The Union Leader had a brief article on Nov. 7, about a couple who was arrested on domestic violence charges. The alleged incident took place inside a grocery store, and some shoppers took the initiative of calling the police from their cell phones while they were in the store.
This article gives only the briefest of descriptions of the incident. Only the people who were present can really say what happened there.
Let me make this clear, I have no information on this incident, nor am I passing judgement on the people involved in this incident. That is for the court and judge to decide. The only information I have is the police report as interpreted by the Union Leader correspondent. And that's not a lot.
On to my point. It takes INCREDIBLE guts to call the police in such a situation. So I can only surmise it was pretty bad. I applaud the person who made the call, whether they judged the situation correctly or incorrectly.
Too many times people see something and are either stunned to inaction, or figure it's just not their business and walk away, making that little "tsk" sound in their mind. Too bad, that's another kid who will grow up only knowing violence. Some people shouldn't be allowed to be parents. And so on.
Other people are simply indiffernt. I am a survivor of domestic violence, and I know others who are also survivors. (It's good to have a support network of understanding people.) This doesn't mean dwelling on the past incidents and harboring the pain as an excuse for my own behavior. However, nothing is more bothersome than someone who doesn't understand the extent of some abuse and takes the "my parents beat me and I'm ok" stance.
My first question is this; why did your parents beat you? Did you endanger yourself or your sibling doing something stupid? After 9 times of your parents telling you not to do something, did you go ahead and do it anyway? Were you just being generally defiant of your parents' rules? In my mind NONE of those things are justification to beat a child. Though, being childless I can't imagine trying to raise a little person who is so defiant that they are constantly in danger. So I can't honestly say what I'd try to do to protect them.
But here's the twist; I wasn't particularly defiant of my parents rules. Tried to follow them at every turn. So did my sibling. Still; socks not folded correctly? There was a beating for that. One time I don't know why there was a beating, but I hid in my room and listened to the yelling and screaming and sound of a larger person knocking a smaller person to the ground repeatedly.
That does not make an ok child. That makes it difficult for me to keep my cool when someone says "My parents beat me and I turned out ok".

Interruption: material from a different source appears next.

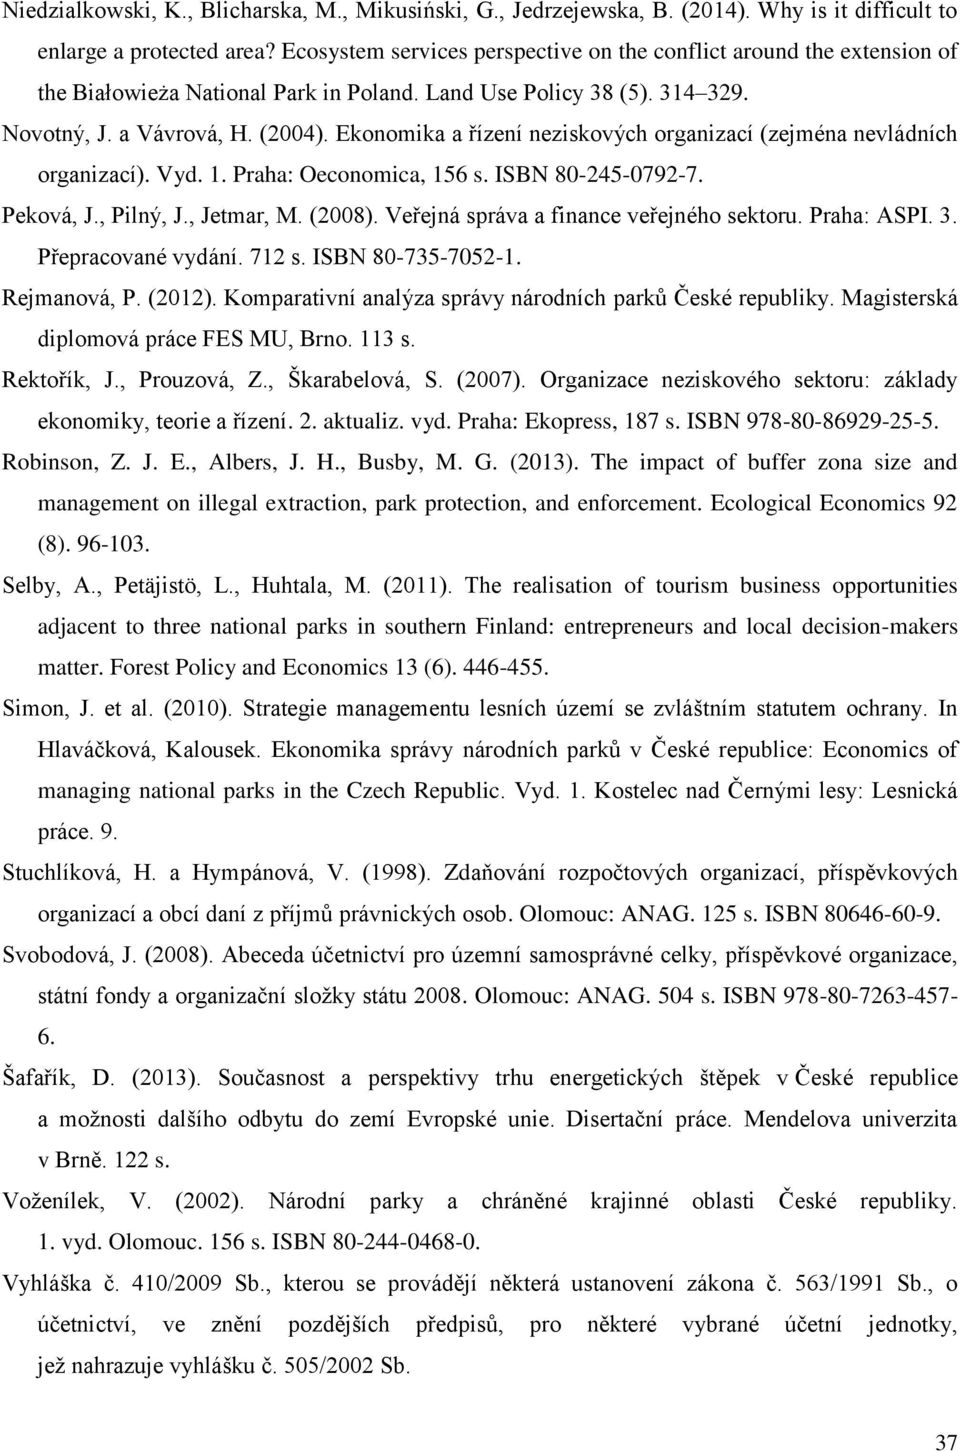 Ekonomika a řízení neziskových organizací (zejména nevládních organizací). Vyd. 1. Praha: Oeconomica, 156 s. ISBN 80-245-0792-7. Peková, J., Pilný, J., Jetmar, M. (2008).

So I'm sure there are people who read the Union Leader article and thought "the kid was probably doing something that had the parents on their last nerve. Heck, I have to get stern with my kids, who am I to say how they should raise their child?"
Children can be impossible. I watched a friend of mine repeat about 10 times the "parent rules" for when and where her little girl could use a particular toy. Each time with patience, though increasing exasperation. I'm sure she would have repeated the rules 10 more times if she had to. But there never would have been a need for violence.
I don't know what the child from the Union Leader article did. Perhaps the tomatoes in the produce section were just too tempting and each one needed a hole poked in it with some toy. Perhaps it was nothing.
What's perhaps the worst about reading that article for me? I fall into the "stunned into inaction" category. My brain shuts down and I deny what I might be seeing, or hearing. Despite all my healing from my own childhood and understanding the awful dynamic of domestic violence, I'm afraid I might be overreacting to what's happening. I actually ask myself, "Isn't this just what happens?" I tell myself that I'm sensitive to this and am seeing things in a situation that other people don't see.
It is still difficult to guage what is normal and what is not.
And sometimes, I'm afraid none of it is normal. That society has begun, or has always, fostered an attitude of abuse that allows this fucked up dynamic to continue.
And I truly don't know what to do about that.